Cosa cambia biomeccanicamente
Su mat l’istruttore lavora con un solo parametro: la gravità. Le progressioni passano dalla modifica di leve, ampiezze e posizioni. Esempio canonico: la roll up con braccia estese sopra la testa è più impegnativa della stessa con braccia incrociate al petto, perché la leva è più lunga. Una single leg stretch con gambe alte è più gentile sull’addome di una con gambe basse.
Su reformer entrano in gioco due parametri aggiuntivi: la resistenza variabile (cambiando molle) e la posizione del corpo rispetto al carrello (sopra, sotto, dentro, fuori). La stessa famiglia di movimento può essere proposta con molla pesante per assistere il cliente (il sistema lo aiuta a tornare in posizione) o con molla leggera per resistere al movimento (il cliente lavora di più). È questa modulabilità, codificata negli esercizi cardine del metodo, la cifra distintiva del reformer.

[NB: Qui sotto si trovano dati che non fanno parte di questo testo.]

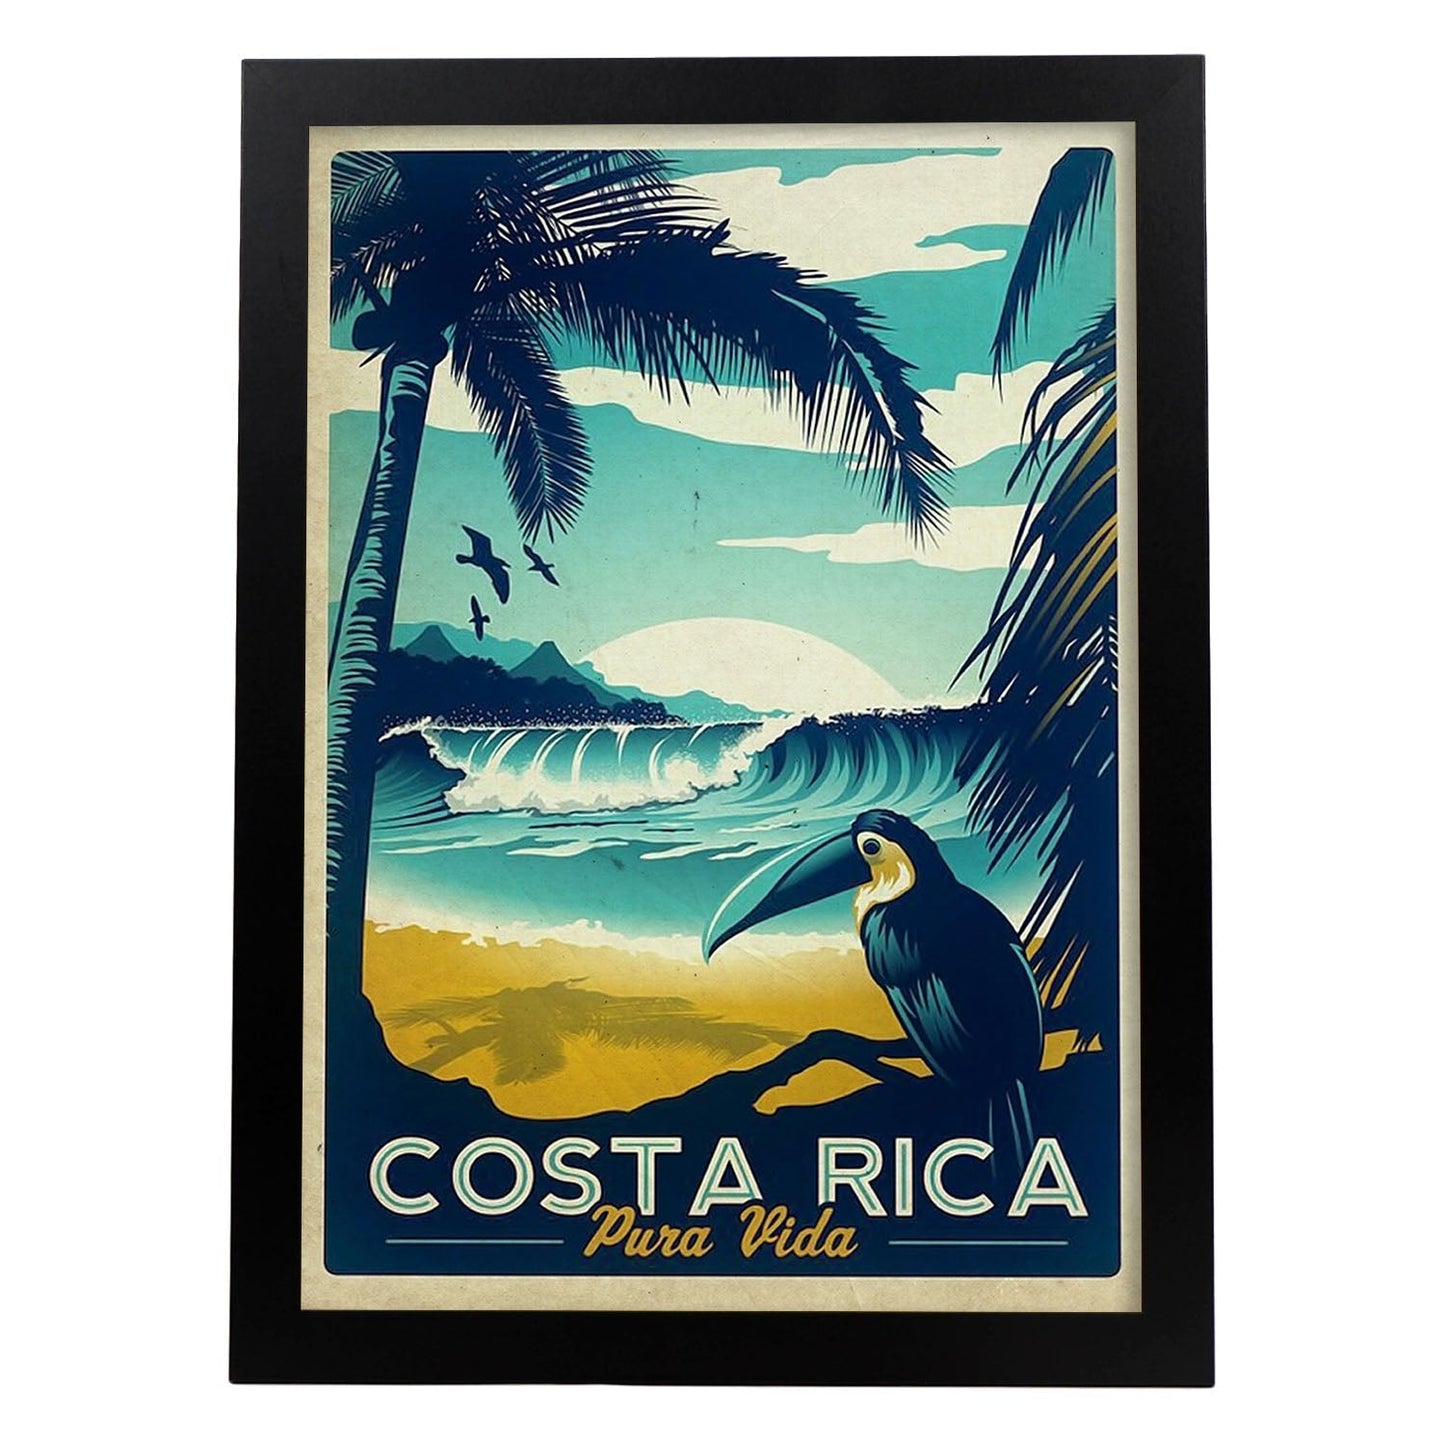 Poster vintage de Costa rica. con imágenes vintage y de publicidad antigua.-Artwork-Nacnic-A4-Marco Negro-Nacnic Estudio SL

Resistenza variabile vs peso corporeo
Per chi ha background sportivo, la differenza più immediata è il modo in cui si percepisce lo sforzo. Sul mat lo sforzo è isometrico ed eccentrico: tieni una posizione, decelleri un movimento contro la gravità, l’attivazione del core dipende dalla qualità del controllo. Sul reformer è prevalentemente concentrico ed eccentrico contro la resistenza delle molle: è più simile a quello che chiamiamo «carico» nel senso classico dell’allenamento.
Una conseguenza pratica: chi cerca un miglioramento di forza «leggibile» (più resistenza nelle molle, più ripetizioni, più transizioni) trova più immediato il reformer. Chi cerca invece controllo motorio, propriocezione e pulizia esecutiva trova nel mat un terreno più impegnativo. Entrambe le qualità servono, ma in fasi diverse della carriera di un praticante.

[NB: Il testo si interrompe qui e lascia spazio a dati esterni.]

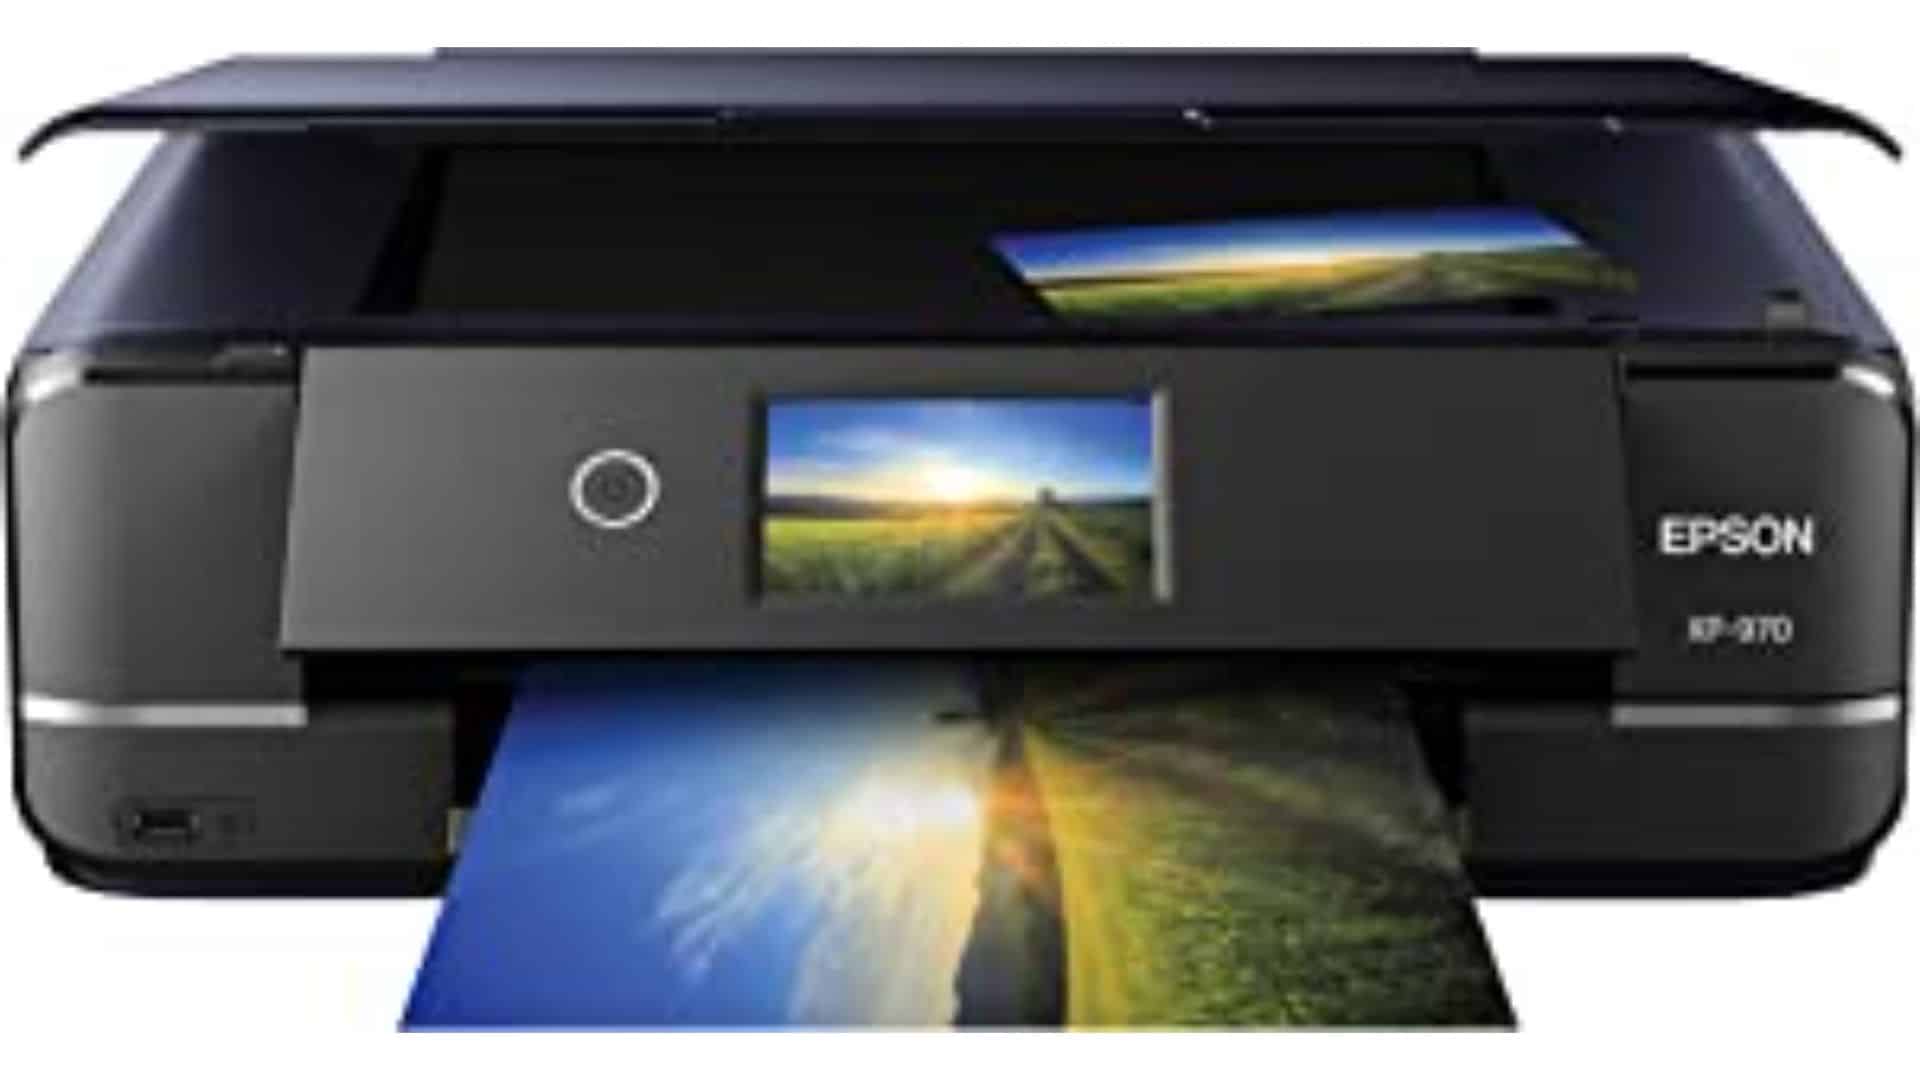 Epson Expression XP-970 Photo Printer

Articolazione spinale: cosa permette il carrello
Uno dei punti dove il reformer eccelle è il lavoro di articolazione segmentaria della colonna. Esercizi come la short spine, la long spine, la tower (sui modelli con cadillac integrato) sfruttano la combinazione fra carrello, molle e barre per portare la colonna in flessione e inversione in modo controllato e assistito. Sul mat gli equivalenti (per esempio la jack knife, il roll over, il neck pull) richiedono al praticante di gestire da solo l’intero peso del bacino e delle gambe, con un impegno di forza e controllo molto maggiore.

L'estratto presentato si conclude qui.